In the records below, find the line with "Winneconne, WI - 14", then copy each line exactly until you have copied the line with "Take a tour". Leave any picture out.

Input for this task »
--- START ---

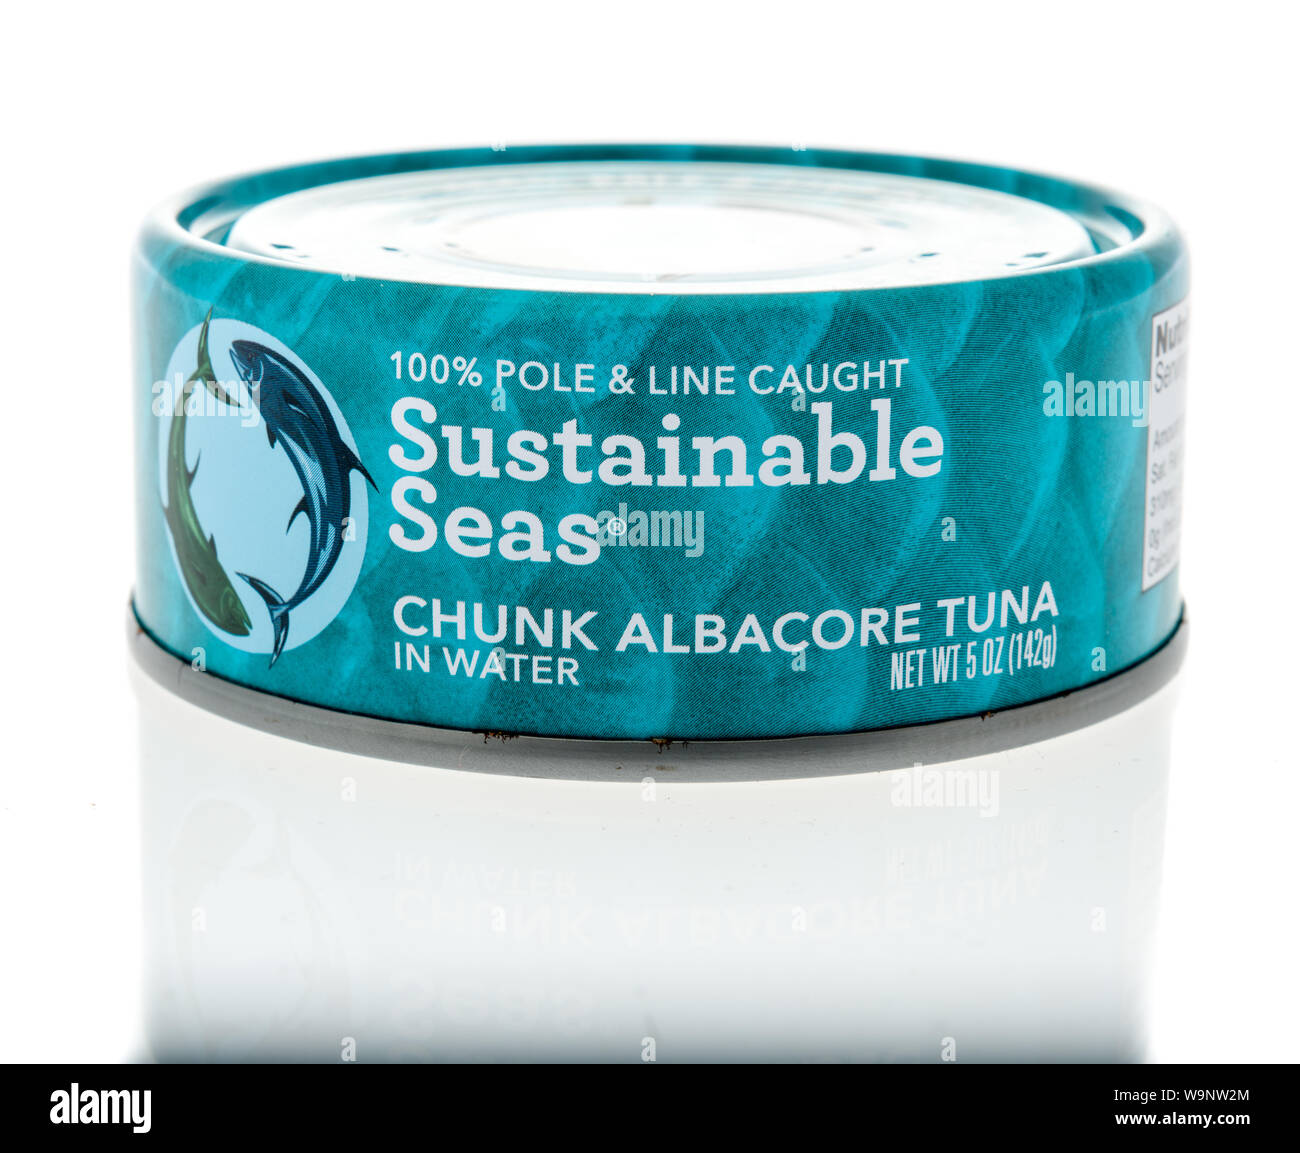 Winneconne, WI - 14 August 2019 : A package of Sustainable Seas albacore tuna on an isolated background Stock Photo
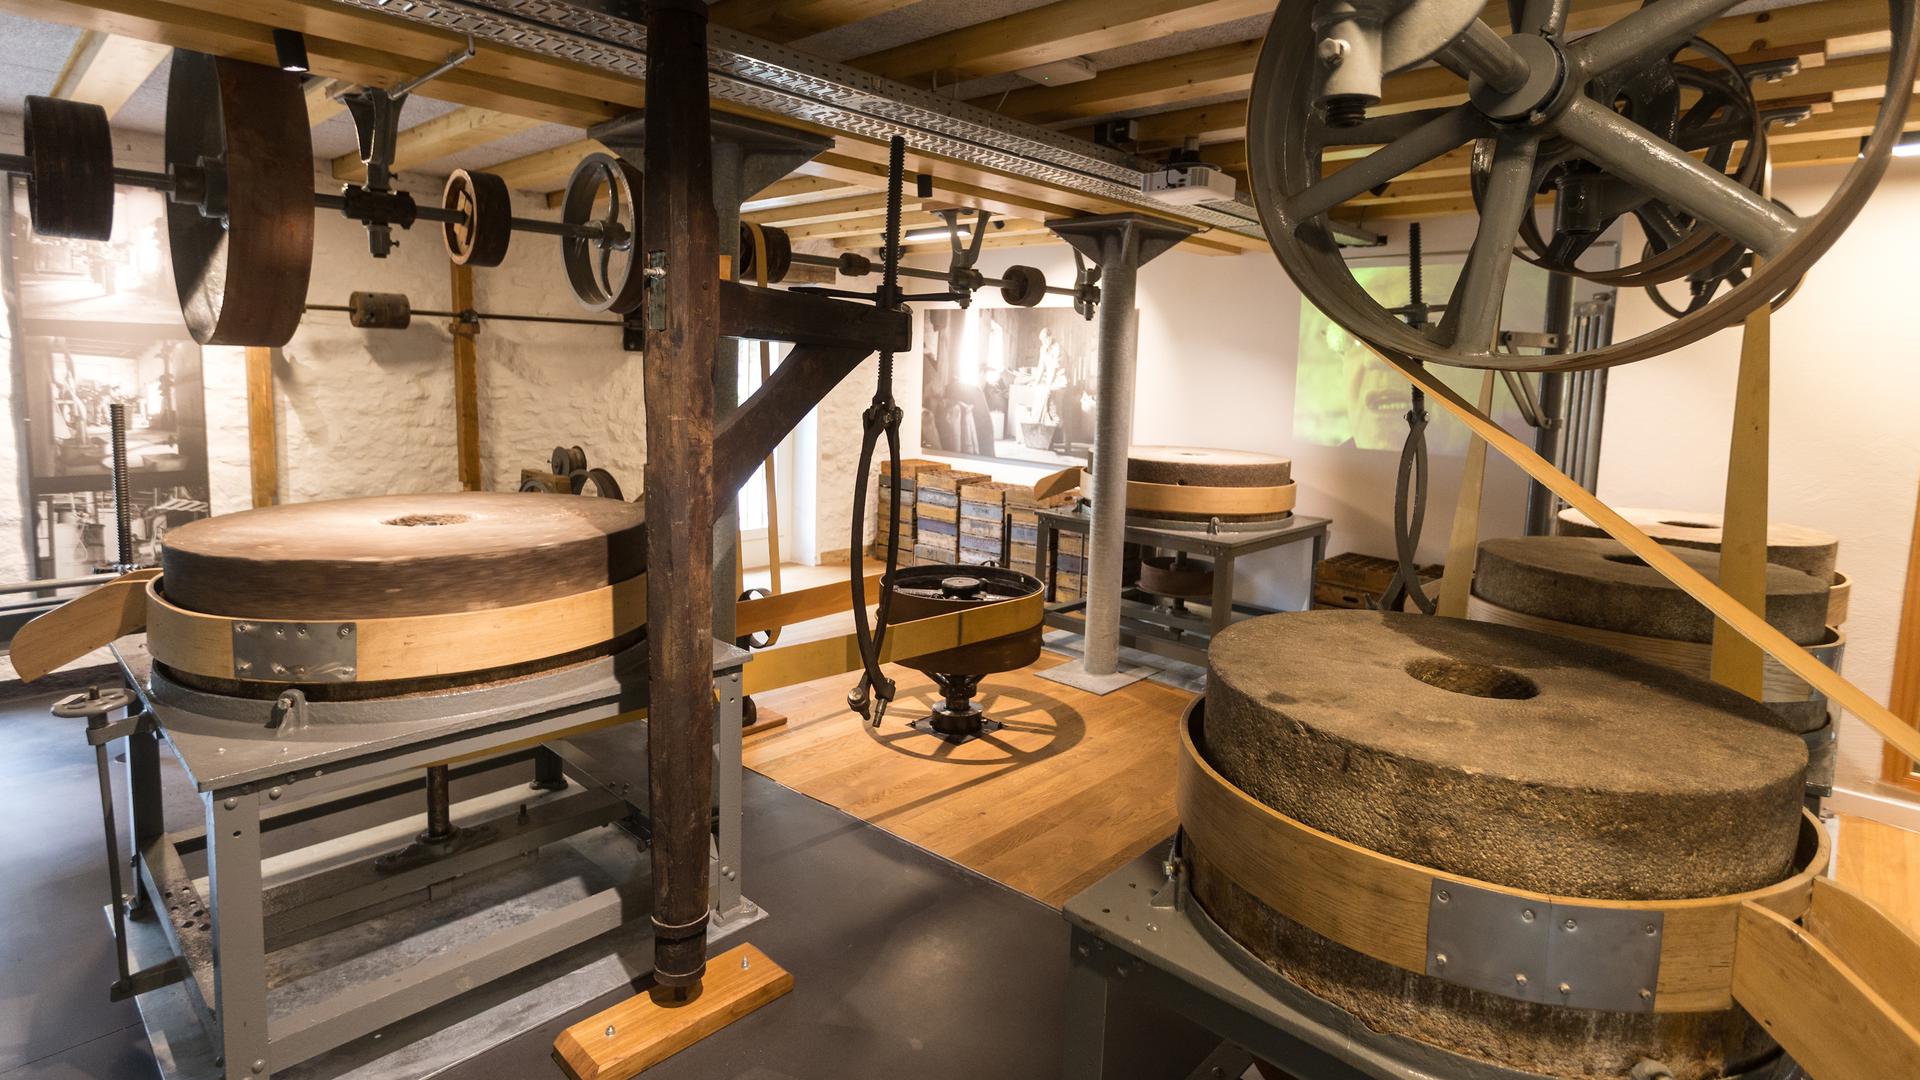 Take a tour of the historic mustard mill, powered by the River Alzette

--- END ---
--- START ---

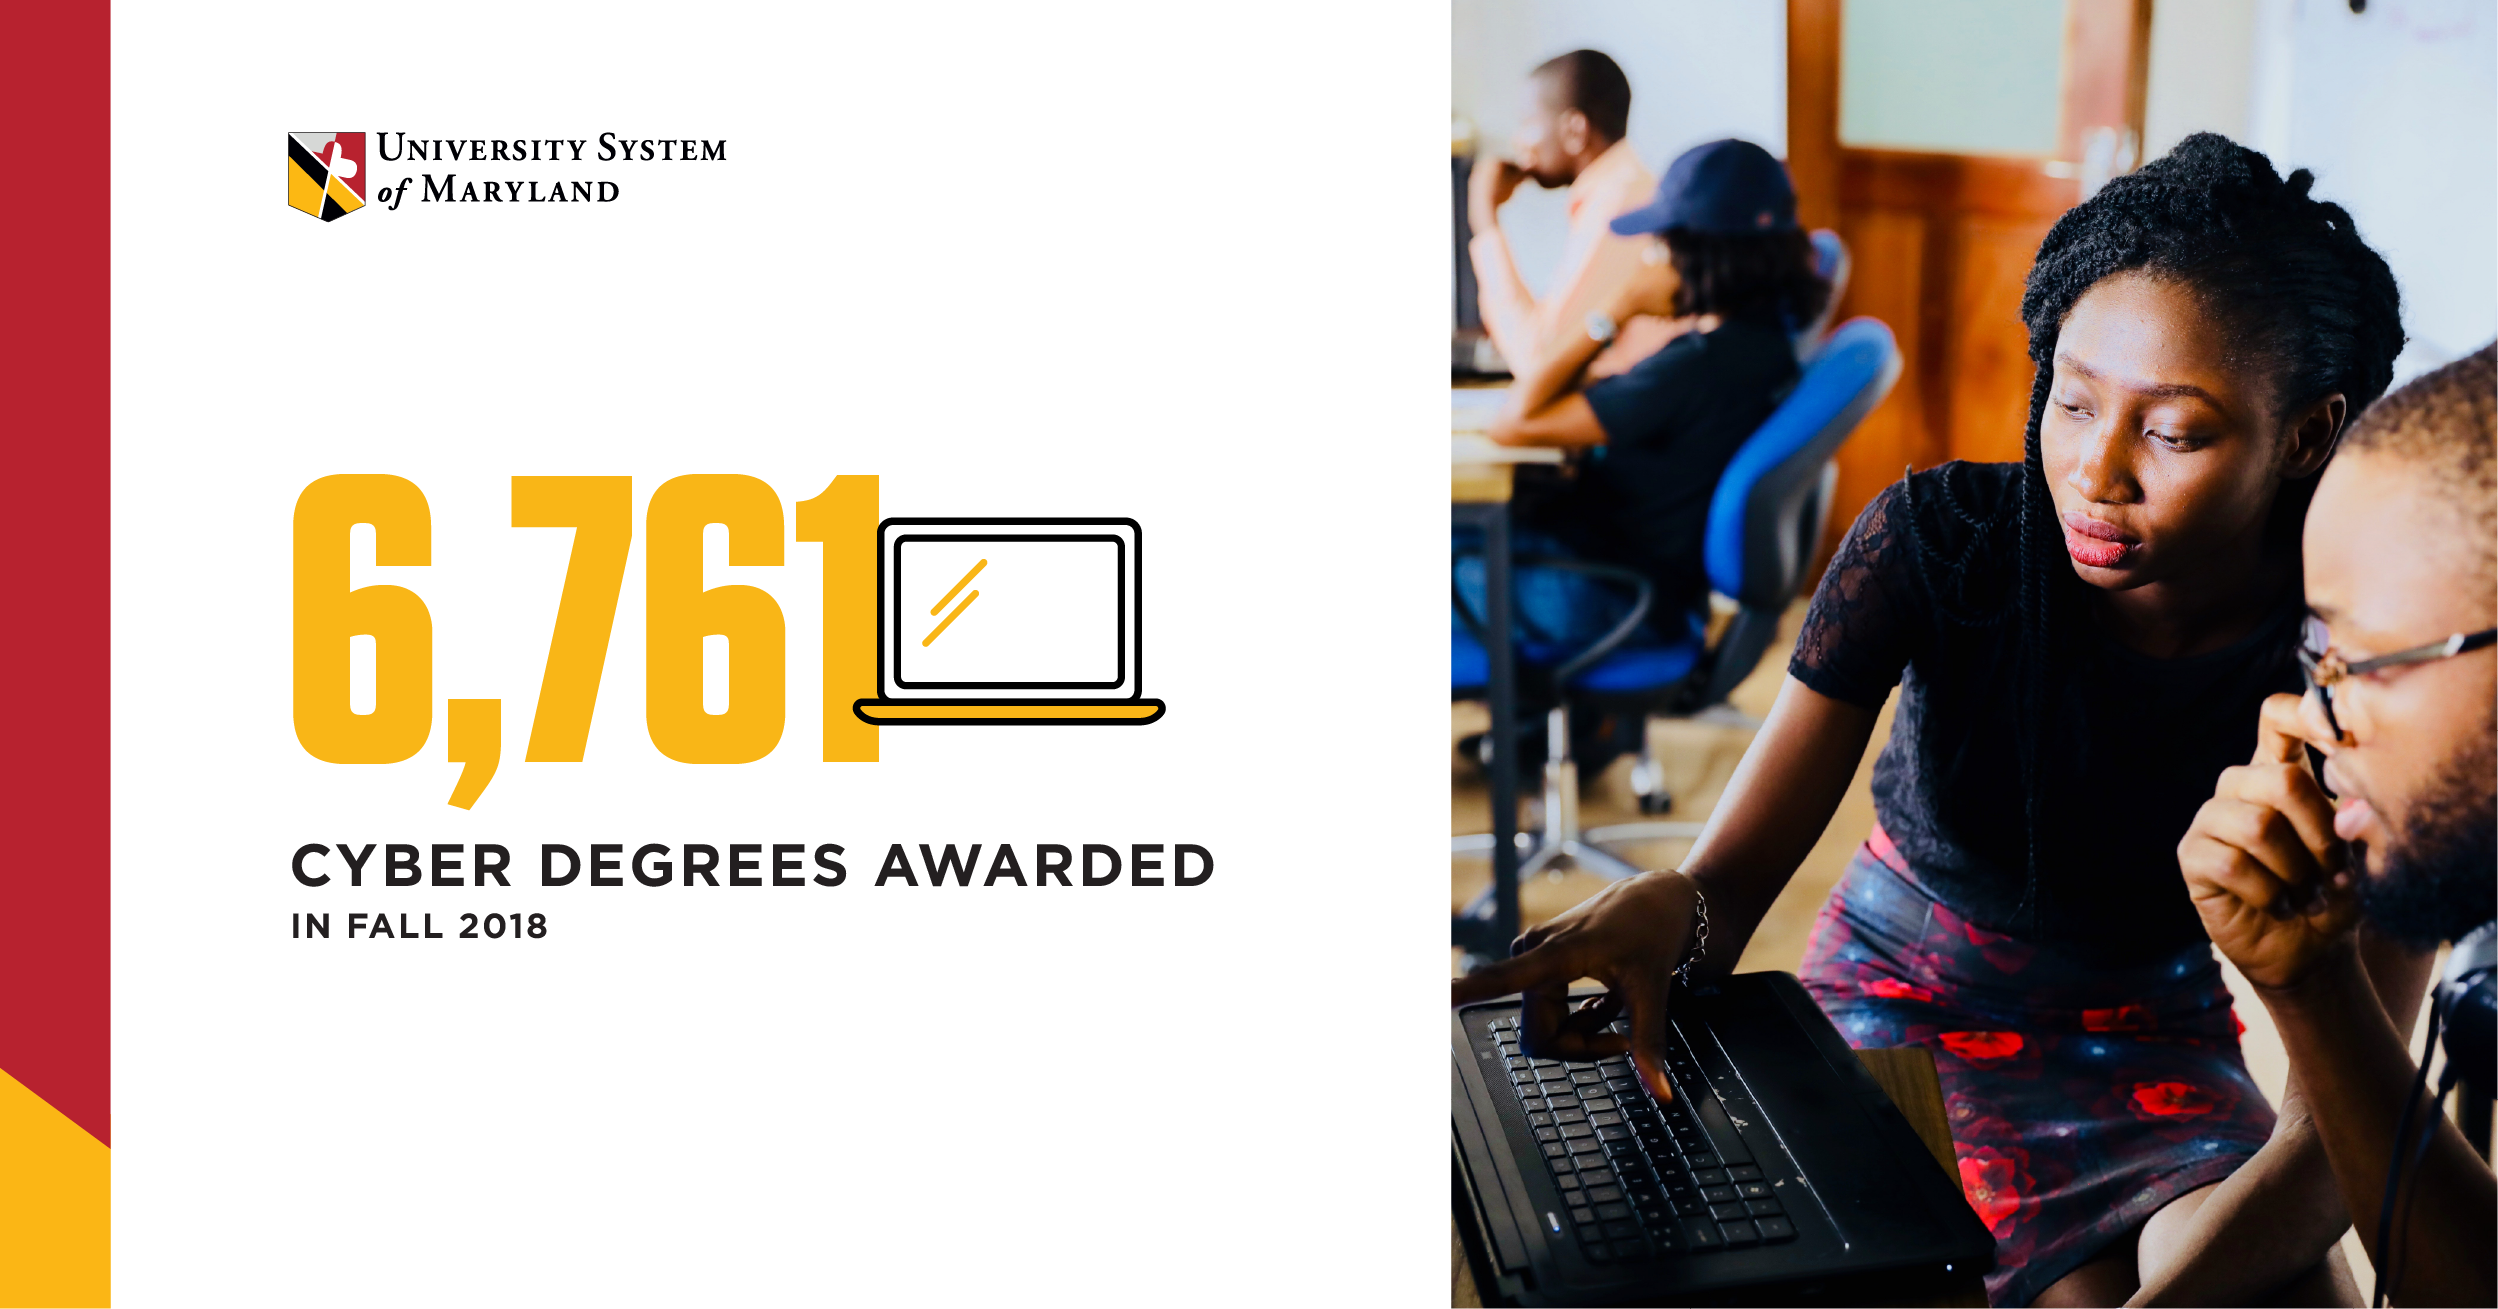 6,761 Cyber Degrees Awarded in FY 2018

--- END ---

Result below »
 Winneconne, WI - 14 August 2019 : A package of Sustainable Seas albacore tuna on an isolated background Stock Photo
 Take a tour of the historic mustard mill, powered by the River Alzette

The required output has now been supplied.